Dr Kyne stated that there were ‘positive signs’ that management and protection are being applied to iconic species like the great-white shark and grey nurse shark. But they are still at risk.
Dr Kyne stated that sharks are still at risk from commercial fishing, which affects them as both a targeted species or as bycatch for industries like tuna.
He explained that each species of sharks has a function… it’s part the web of the ocean community. This explains the importance of sharks as predators within a healthy ecosystem.

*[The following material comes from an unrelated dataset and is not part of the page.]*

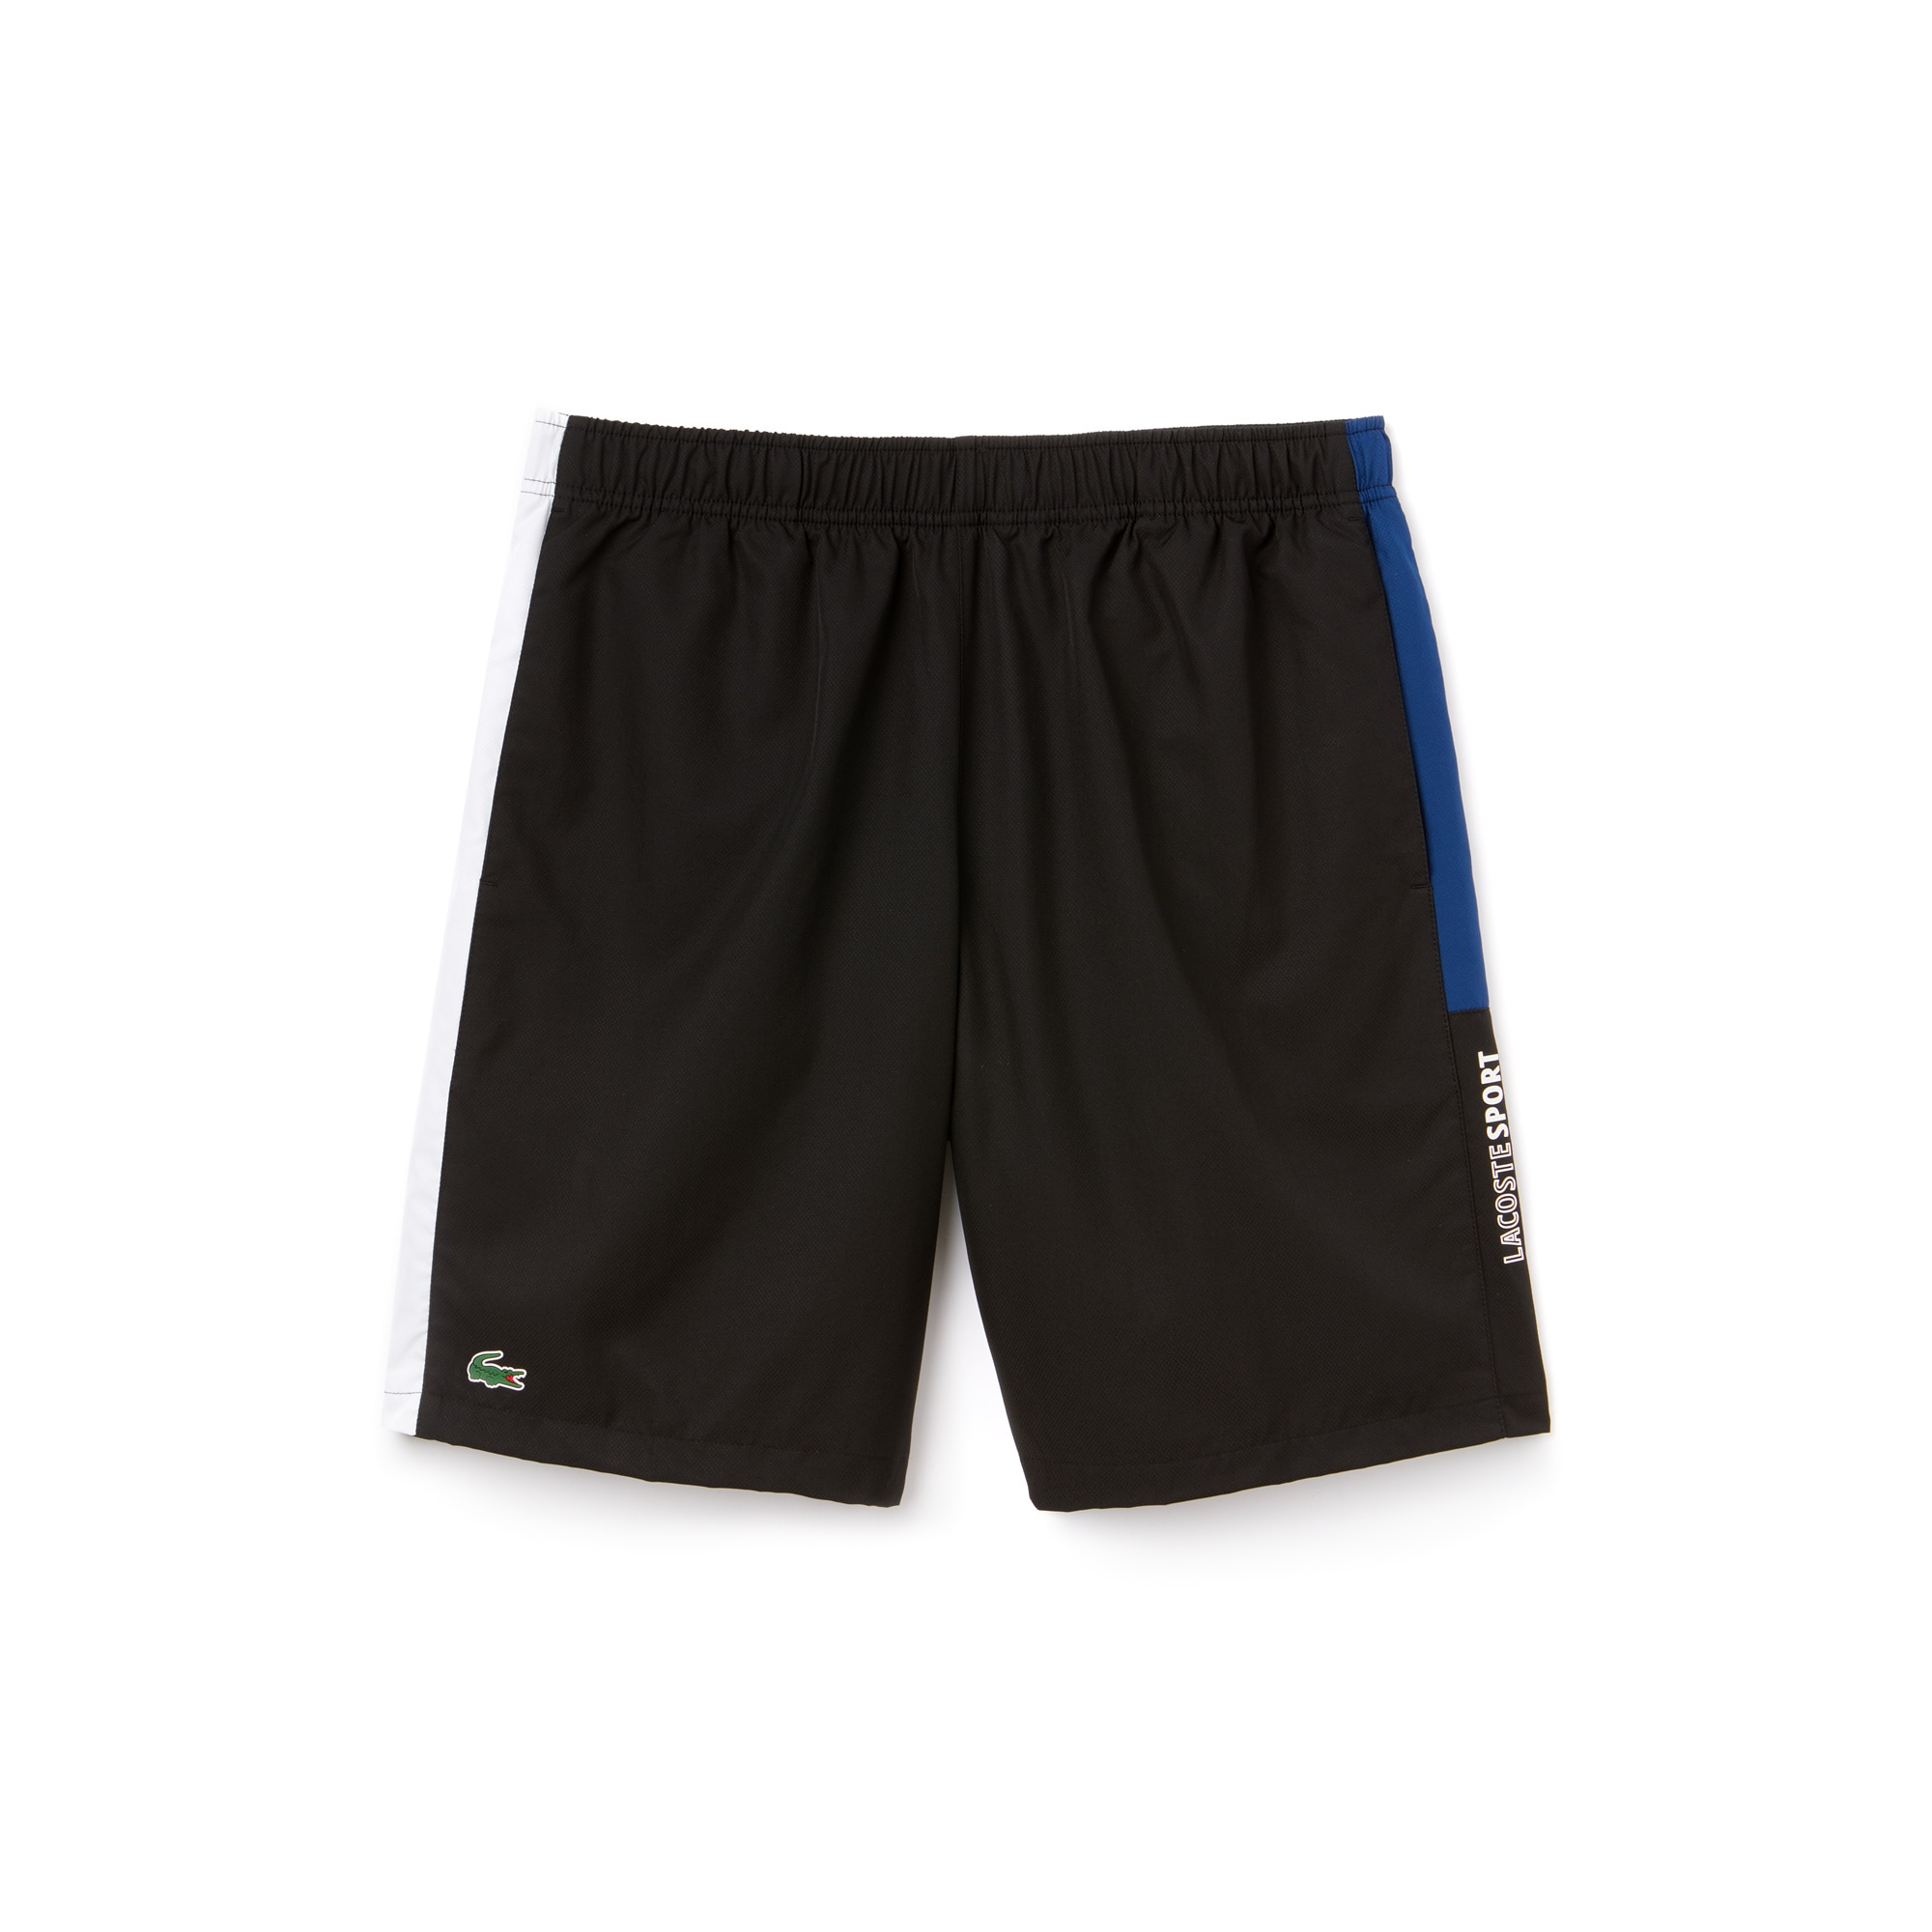 Pantalón Corto De Hombre Lacoste SPORT Tennis En Tafetán Con Franjas De Colores

The Action Plan for Australian Sharks and Rays, published September 2021, is the first attempt at a national overview of sharks and habitats.
“It identifies priority species at-risk, those that require further protection, and species of no immediate concern,” said Alan Jordan, Director of Marine Biodiversity Hub.
The data shows that the country’s focus on sustainable fishing is having some benefits, with 80 percent of its 328 species not in danger.
Michelle Heupel, coauthor, said that Australia’s comprehensive fisheries management has helped to secure the status of many species. She also mentioned large areas that are unfished, lightly fished, as well the marine protected area network.
45 species are also threatened in other parts, such as the giant guitarfish or the spotted eagle-ray. Australian waters serve as a refuge and ‘lifeboat’.
Dr Kyne stated, “These species remain safe in Australian waters.”
“But while we should be proud of the secure status for many species, we urgently have to increase our research efforts and management efforts for Australia’s threatened sharks’ and rays.”
The research also revealed that there is not enough information about local shark species. More investment is needed to fill this knowledge gap.
Dr Kyne stated, “For the 328 species assessed in this volume, every one of them has knowledge gaps.”
The Australian government’s National Environmental Science Program Marine Biodiversity Hub published the Action Plan for Australian Sharks and Rays 2021.